▸ What the task asks: After removing every image, reproduce the data exactly as it appears.

▸ Supplied material:
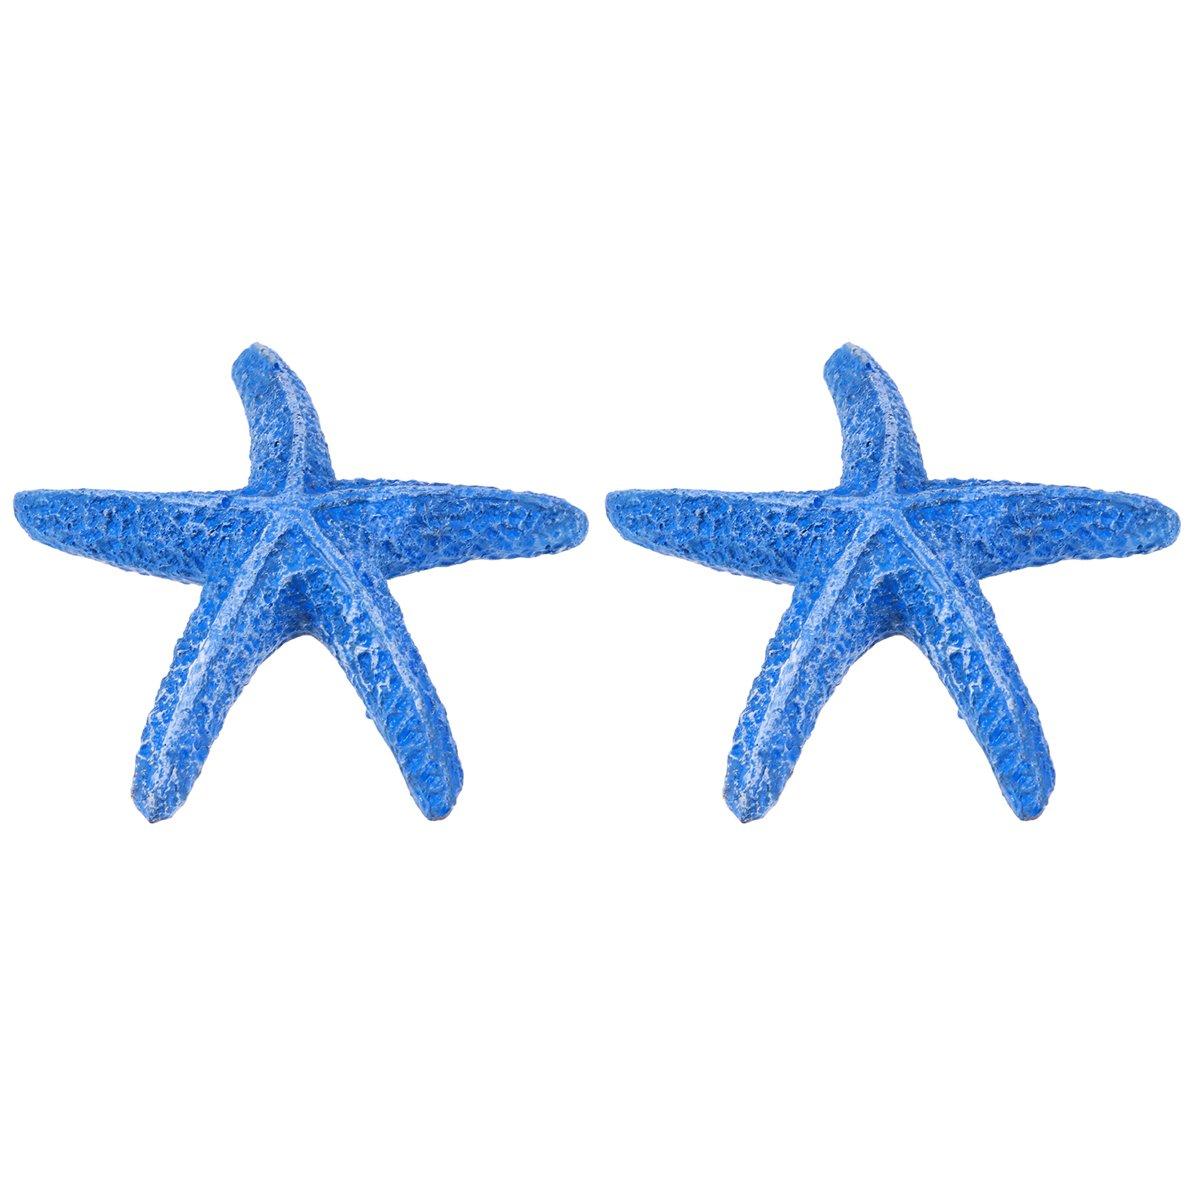 UEETEK 1 piezas estrella de mar estrella de mar de resina artificial de acuario para la decoración del tanque de peces de acuario (azul): Amazon.es: ...
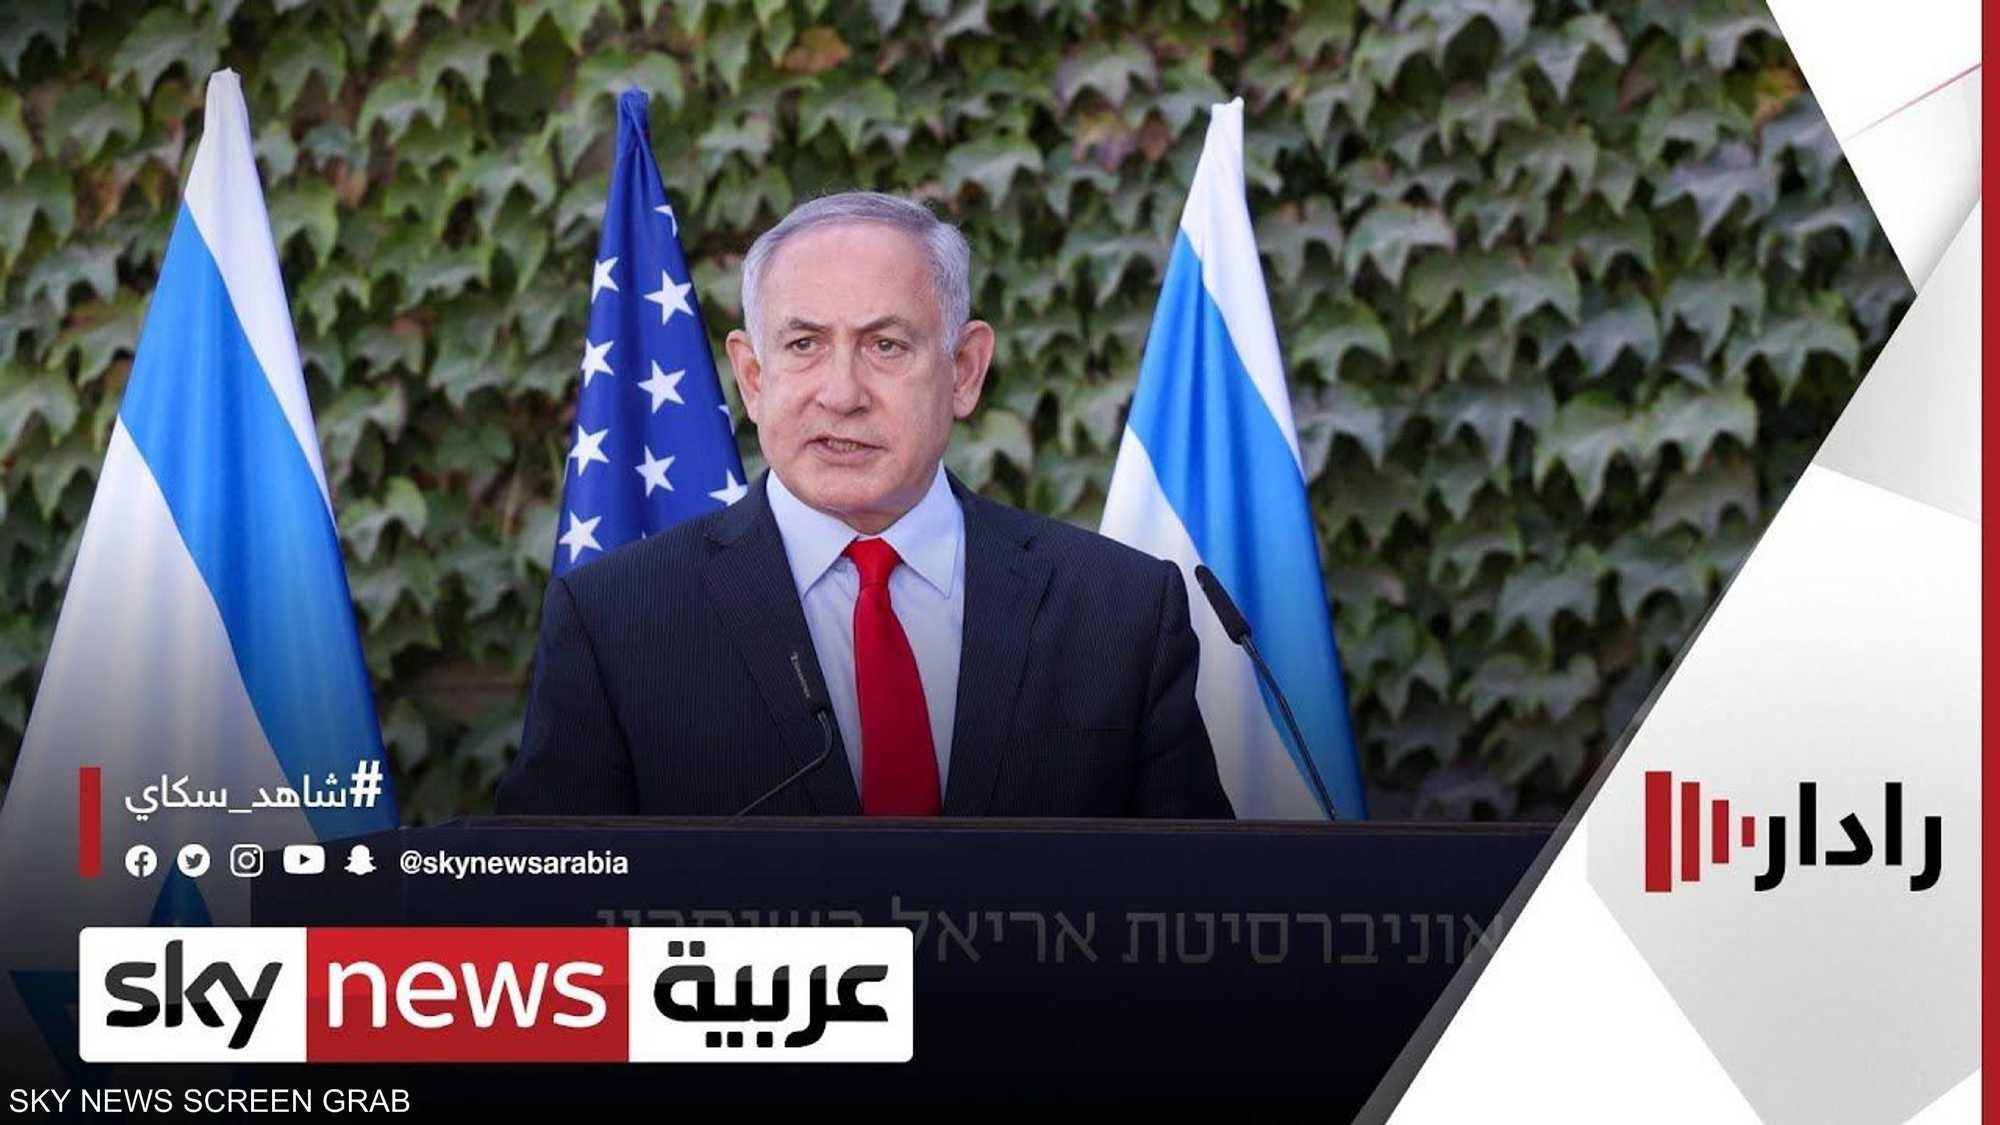 نتانياهو: حلم السلام الحقيقي في المنطقة يتحول إلى واقع
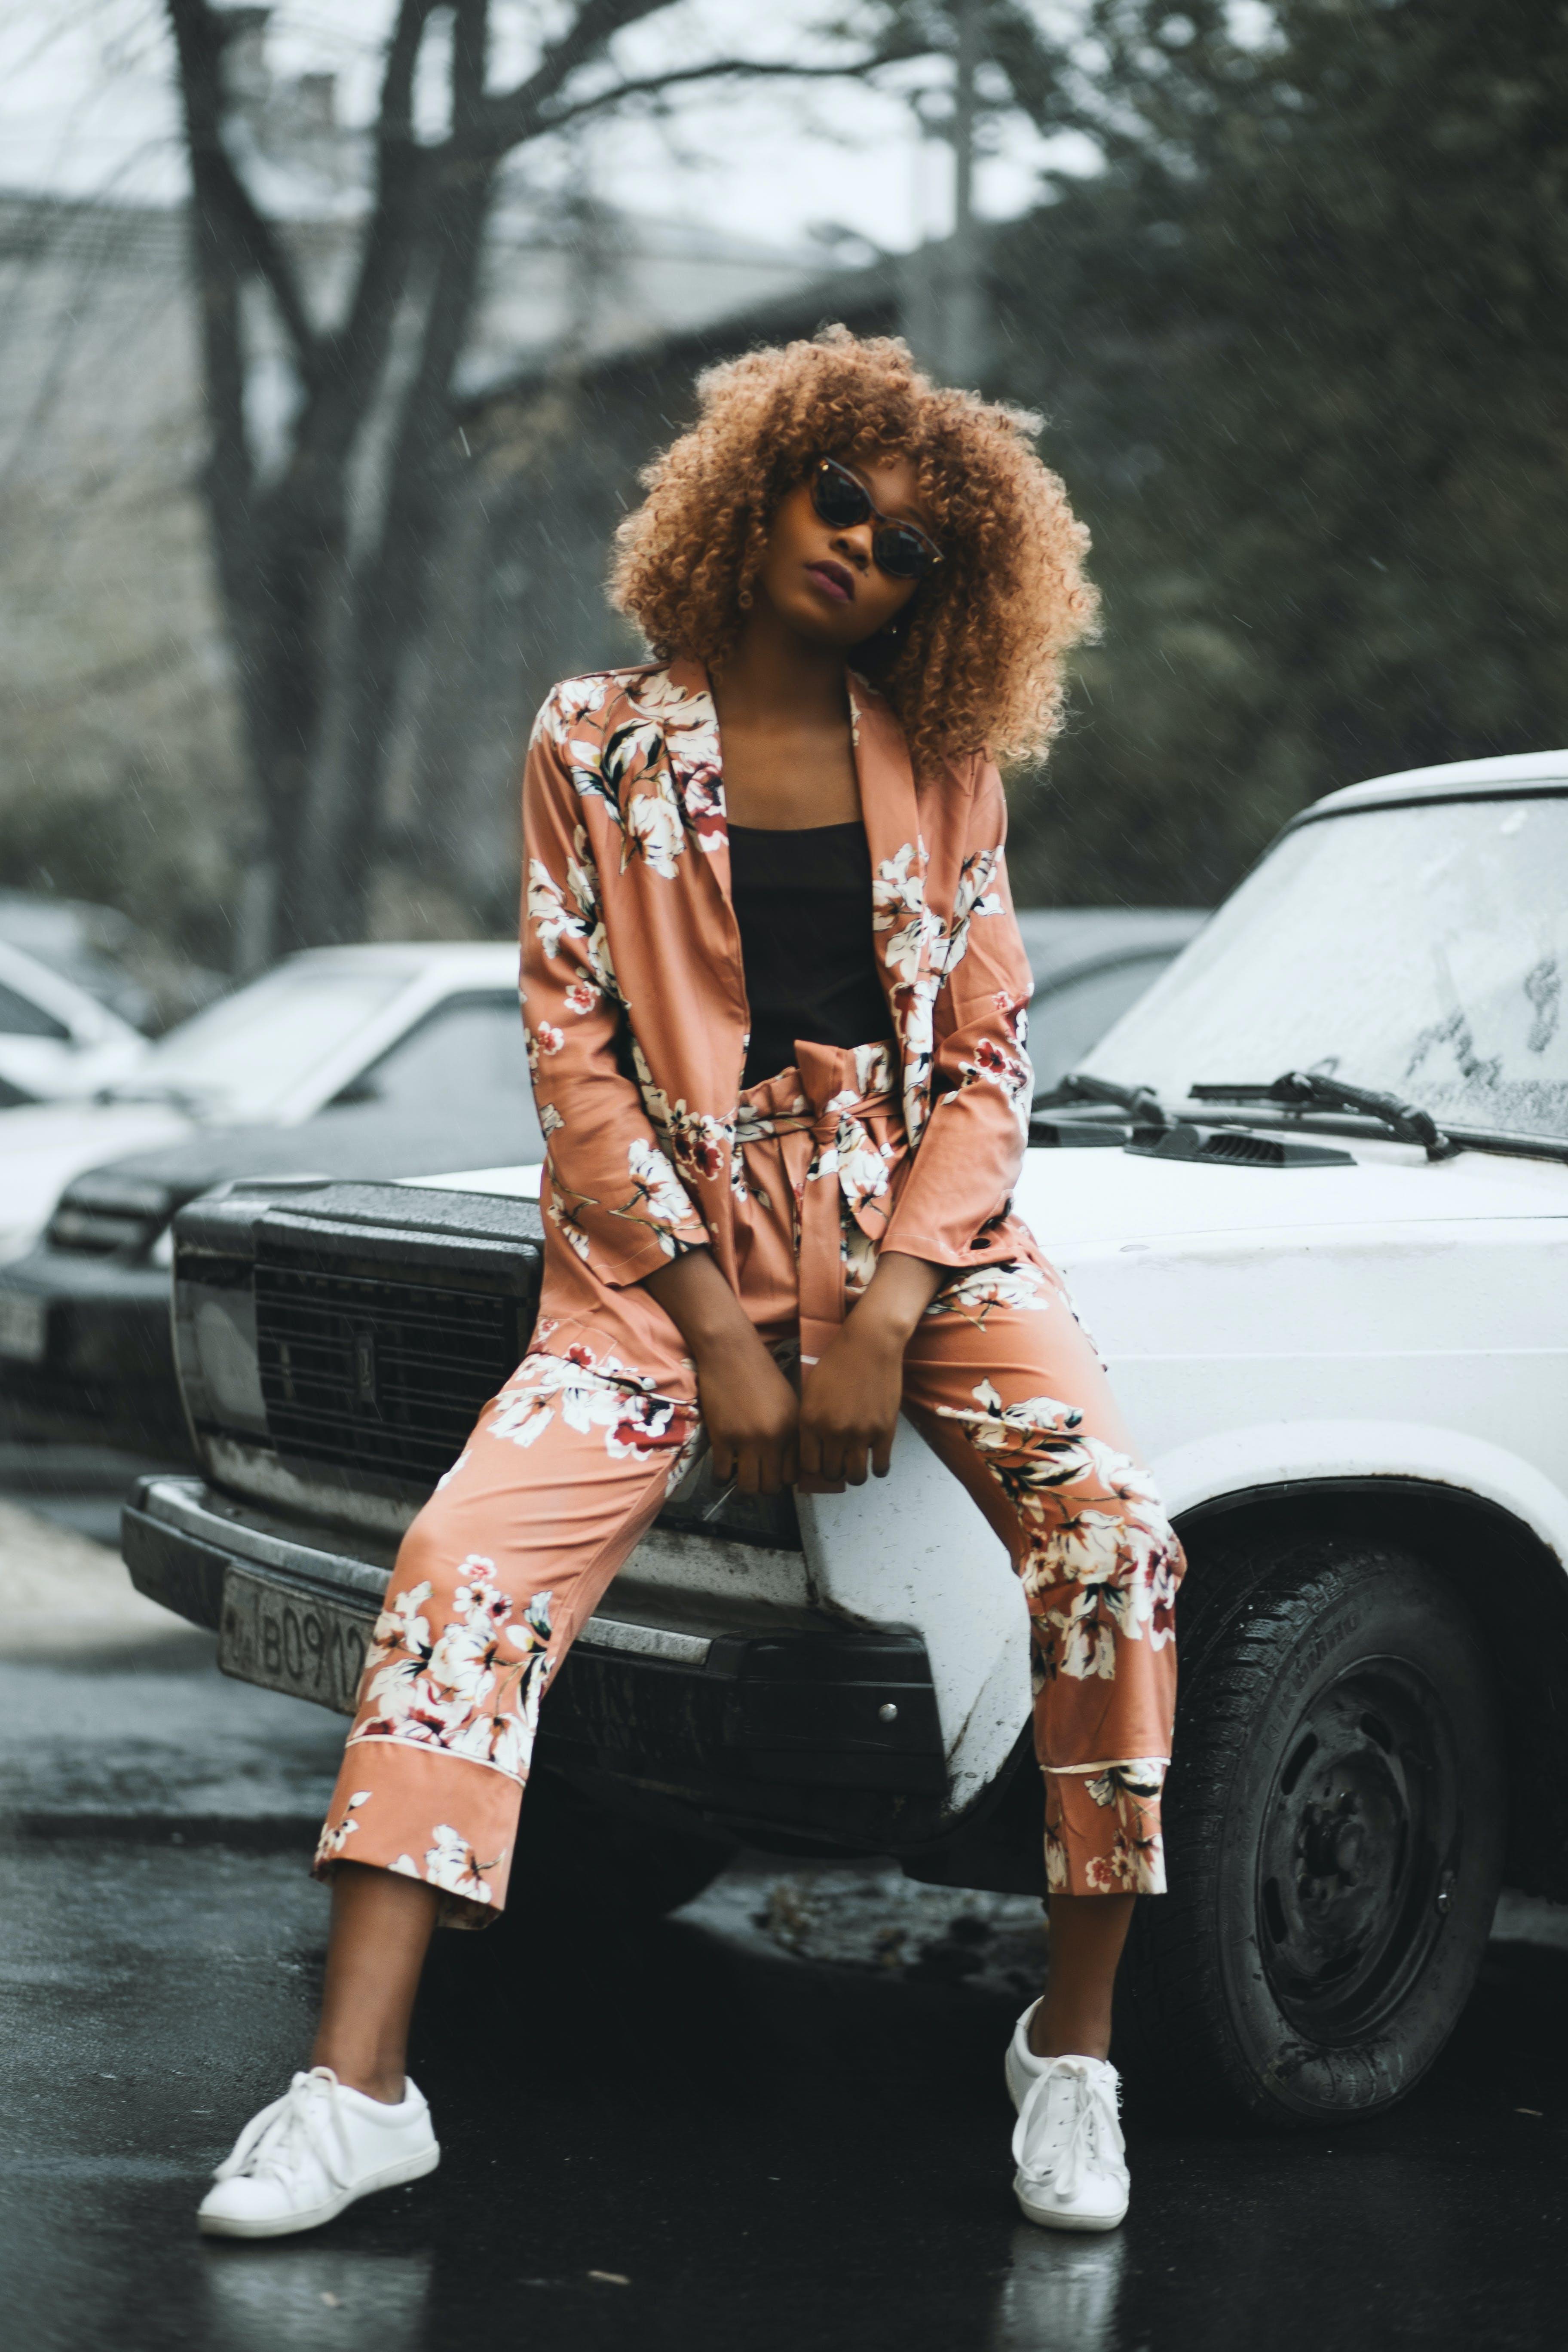 Kostenloses Stock Foto zu autos, fashion, person, frau

▸ Output for this exercise:
 UEETEK 1 piezas estrella de mar estrella de mar de resina artificial de acuario para la decoración del tanque de peces de acuario (azul): Amazon.es: ...
 نتانياهو: حلم السلام الحقيقي في المنطقة يتحول إلى واقع
 Kostenloses Stock Foto zu autos, fashion, person, frau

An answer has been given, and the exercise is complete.